I am seeing this now with the recently released blosc 1.6.1. Some more testing confirmed, that the issue is indeed a pure-mem-copy issue.

FrancescAlted commented 5 years ago

Yes, it looks like a pure memory-copy to me. If the question is why sometimes the pure memory-copy bit activates and others it doesn't, my guess is that codecs undergo changes with the different C-Blosc releases; these changes typically affect compression ratio (albeit slightly in general), so it may happen that sometimes the compression ratio is not enough and Blosc fallback to the pure memory-copy instead.

esc commented 5 years ago

O.K. I have been debugging this issue further and it turns out, that this phenomenon appears only, because the byte_shuffe filter is deactivated. If I reactivate the byte shuffle, the data is no longer a pure-memory-copy.

esc commented 5 years ago

So, I have managed to reproduce a standalone snippet of this behaviour, using python-blosc 1.6.1:

In [17]: import blosc                                                                                                                                                                                       

In [18]: import numpy as np                                                                                                                                                                                 

In [19]: from bloscpack.headers import decode_blosc_header, decode_blosc_flags                                                                                                                              

In [20]: a = np.linspace(0, 1, 1e6)                                                                                                                                                                         
/home/esc/git/bloscpack/.venv3/bin/ipython:1: DeprecationWarning: object of type <class 'float'> cannot be safely interpreted as an integer.
  #!/home/esc/git/bloscpack/.venv3/bin/python3

In [21]: b = a.tobytes()                                                                                                                                                                                    
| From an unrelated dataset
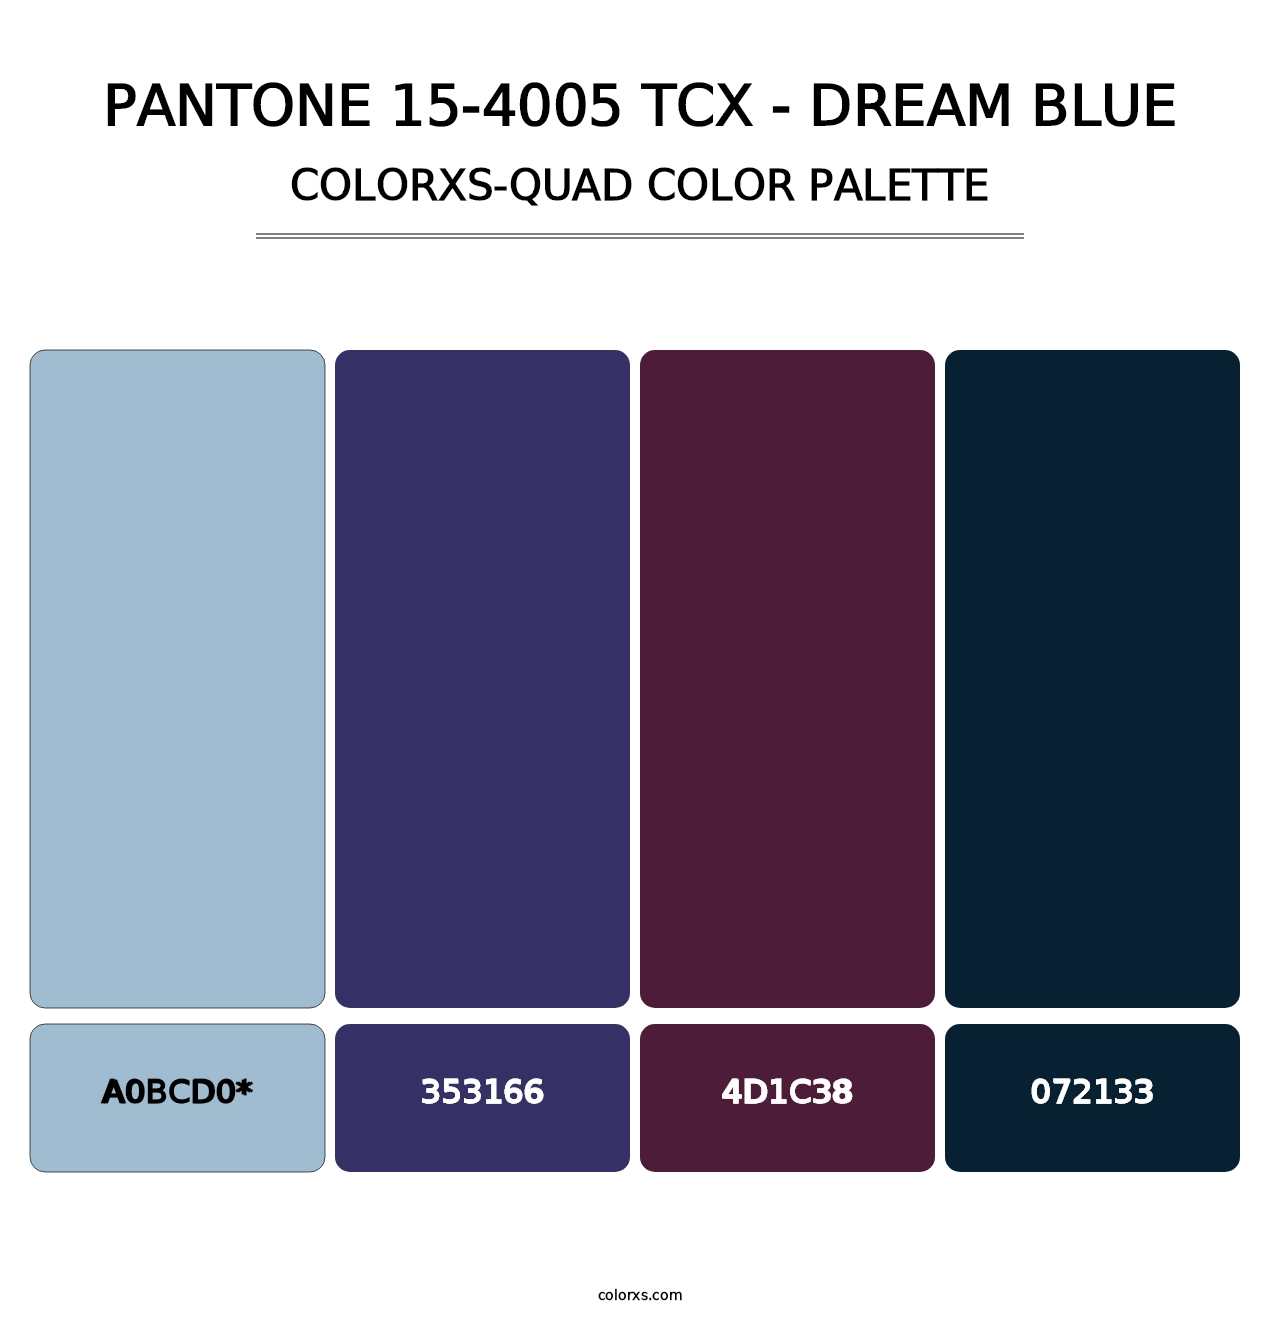 PANTONE 15-4005 TCX - Dream Blue - Colorxs Quad Palette

In [22]: c = blosc.compress(b, shuffle=False)                                                                                                                                                               

In [23]: decode_blosc_header(c[:16])                                                                                                                                                                        
Out[23]: 
OrderedDict([('version', 2),
             ('versionlz', 1),
             ('flags', 2),
             ('typesize', 8),
             ('nbytes', 8000000),
             ('blocksize', 524288),
             ('ctbytes', 8000016)])

In [24]: c = blosc.compress(b, shuffle=True)                                                                                                                                                                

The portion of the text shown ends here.